The next day, it was announced that Star Sports had renewed its contract for television rights by winning package A, and that a Viacom18 consortium had exclusively acquired the streaming rights by winning both Package B and C. The Viacom18 consortium paid a total of ₹23,758 crore for its digital rights (B/C), while Disney Star paid ₹23,575 crore to retain its television rights (A). Viacom18 and Times Internet jointly acquired the international rights package (D) for ₹1300 crore. With an approximate value of US$6.2 billion in total (and an estimated US$13.4 million per-match), the IPL overtook the Premier League in English football as the second highest-valued sports media property in the world, behind only the NFL (whose contracts taking effect in the 2023 season cumulatively fetched US$111 billion).

In February 2023, Viacom18 announced it would stream the 2023 IPL for free on JioCinema with feeds in 12 languages, including English and regional languages, and in 4K resolution. The same month, The Walt Disney Company reported that its loss of the IPL had contributed to a net loss of 2.4 million Disney+ subscribers worldwide, primarily in India.

Ahead of the 2023 IPL, Star launched HD feeds of Star Sports 1 in Tamil and Telugu and announced its free-to-air channel Star Utsav Movies would carry twelve matches.
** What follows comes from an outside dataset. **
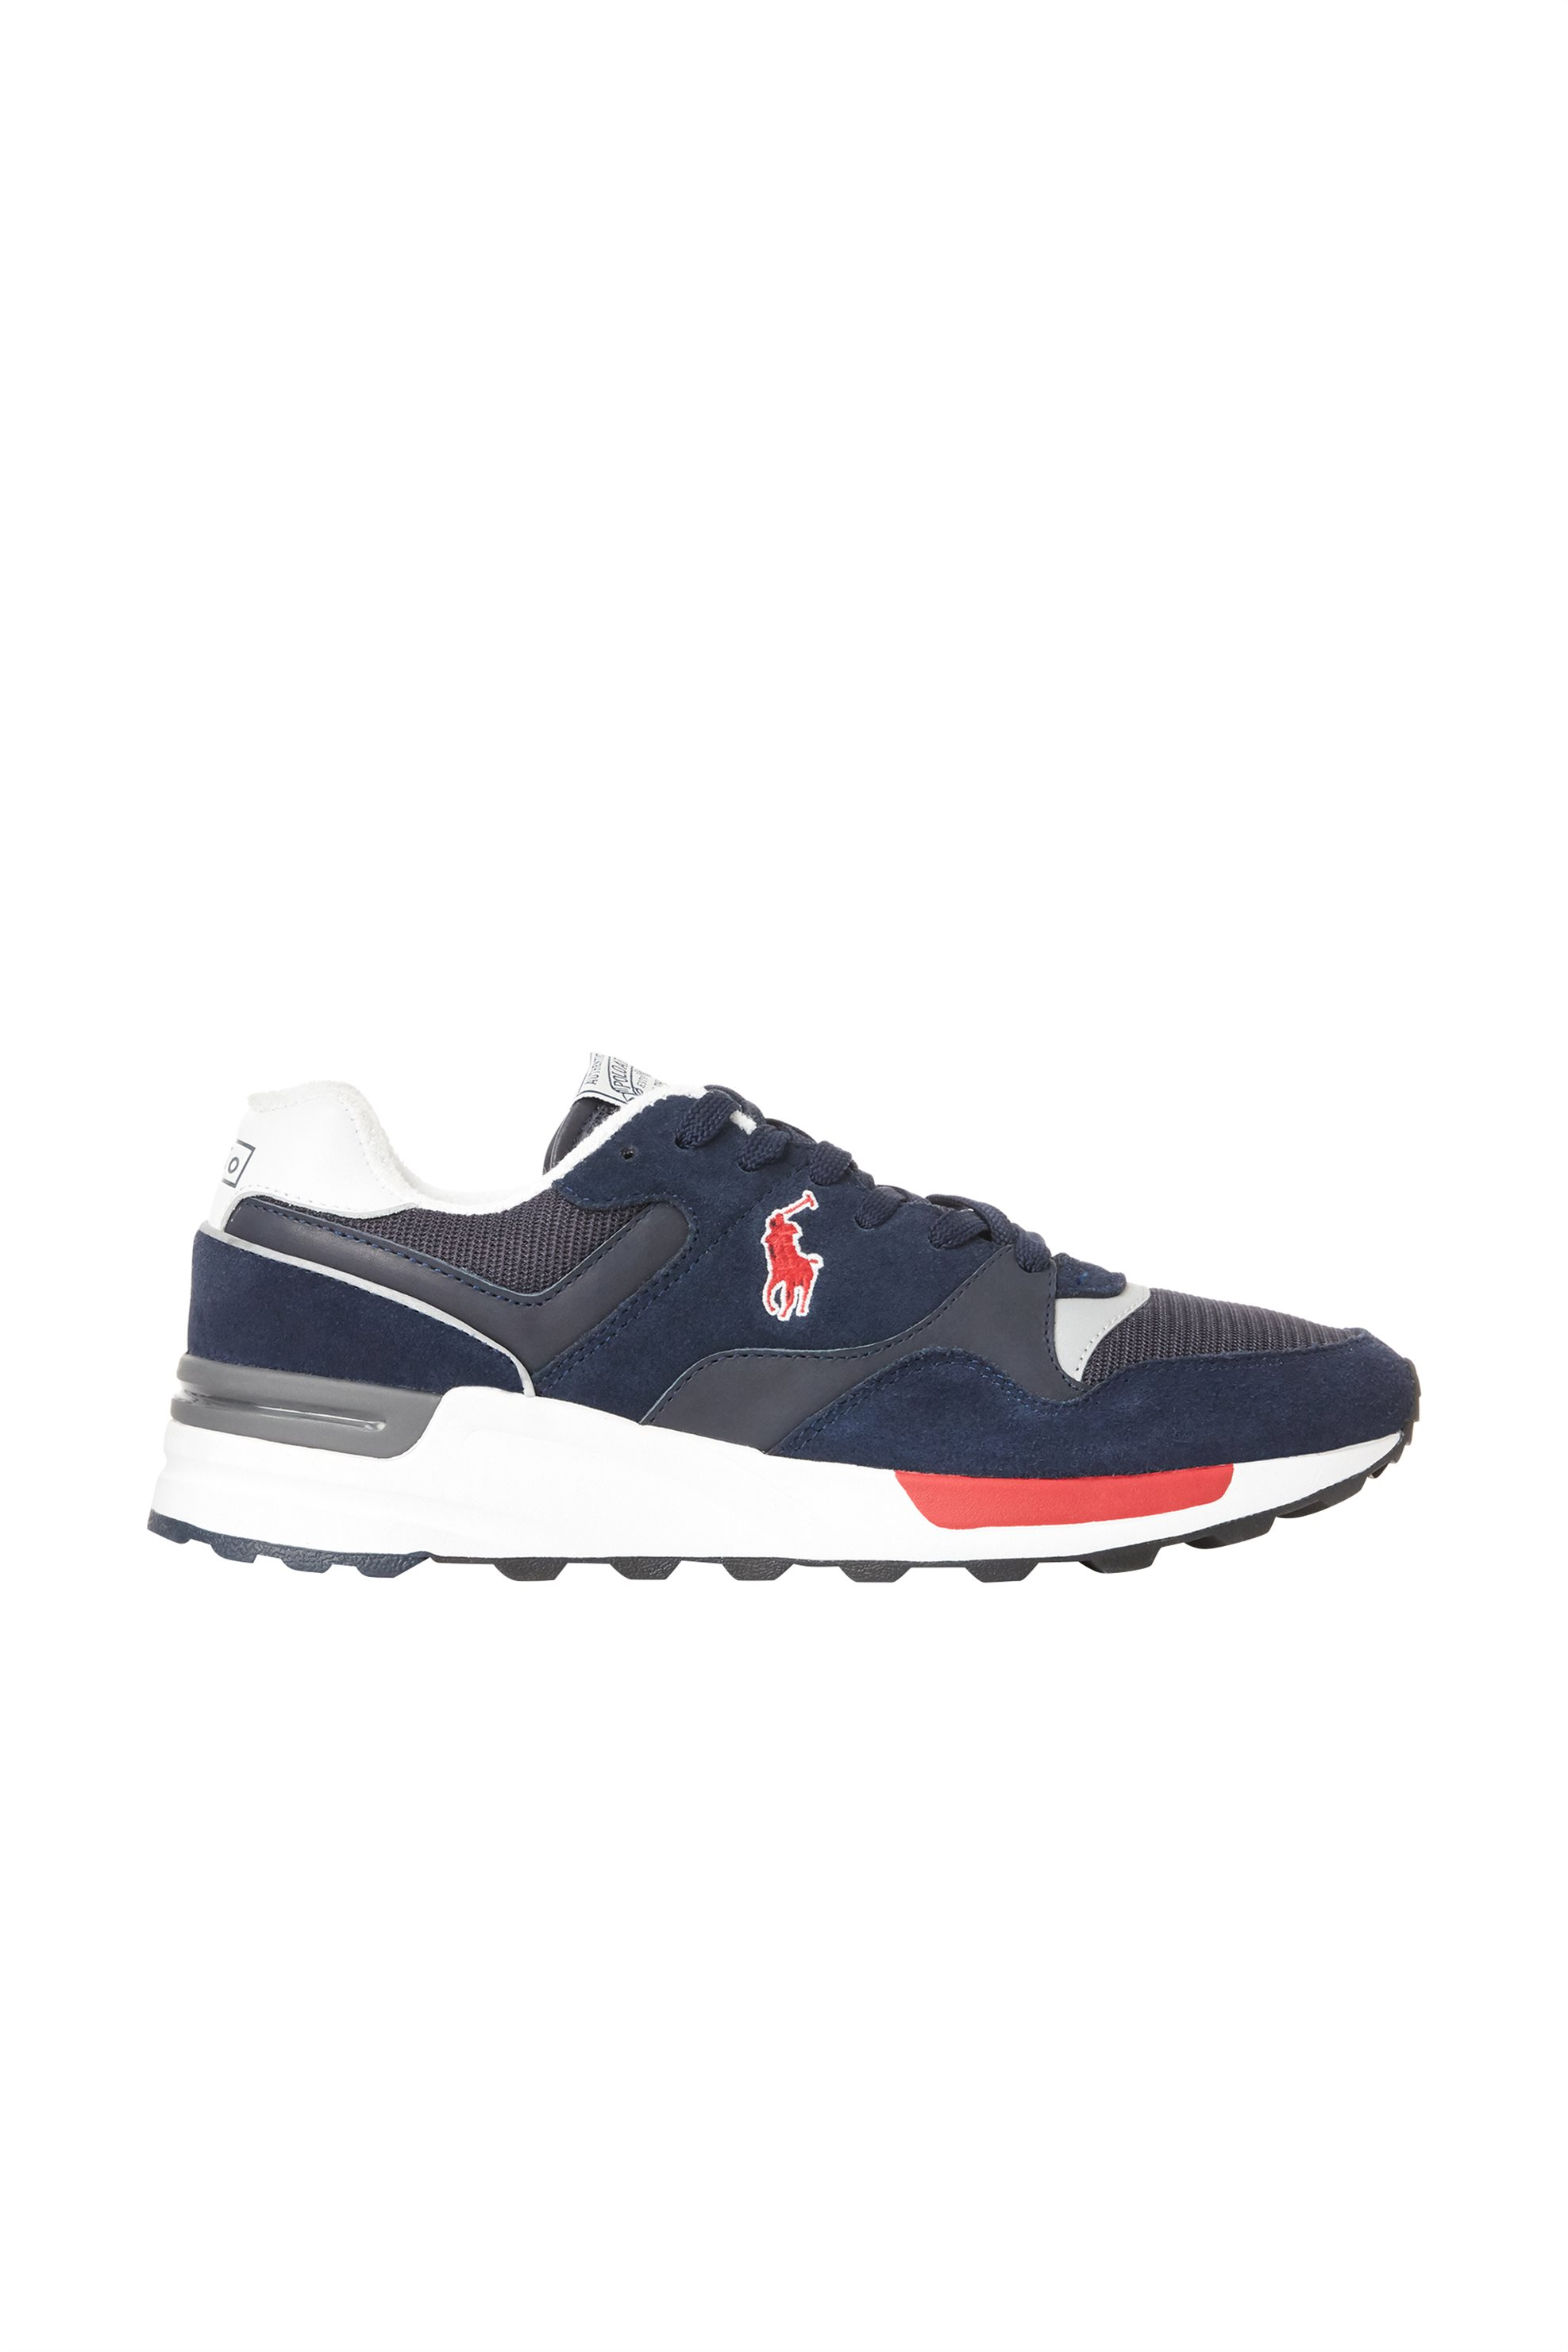 Polo Ralph Lauren ανδρικά suede sneakers με κορδόνια – 809773080001 – Μπλε Σκούρο

It was anticipated that viewership of Star Sports' broadcasts may not be heavily impacted by the Jio deal due to its existing market reach (including as rights holder of India's home matches) and viewers who preferred linear television due to being less familiar with over-the-top services, or concerns over technical issues associated with such services. JioCinema reported the IPL had 1.4 billion views on the service over the opening weekend, which was higher than the entirety of the 2022 season on Disney+ Hotstar.

In November 2024, the IPL's media rights were unified when Disney merged its Indian television and streaming businesses with Reliance/Viacom18 to form JioStar. Disney+ Hotstar and JioCinema then merged in February 2025 to form JioHotstar.

== Viewership ==
The 2023 IPL final set a then-record for the most concurrent viewers of a livestreamed event, peaking at over 32 million viewers (surpassing a record of 25.3 million set by Hotstar during the 2019 Cricket World Cup).

JioCinema reported that the 2024 season was viewed by an average of 620 million viewers, with at least 350 billion minutes streamed. The 2025 final was seen by 169 million television viewers on Star Sports, making it the most-watched cricket match on Indian television since India–Pakistan during the 2021 Men's T20 World Cup.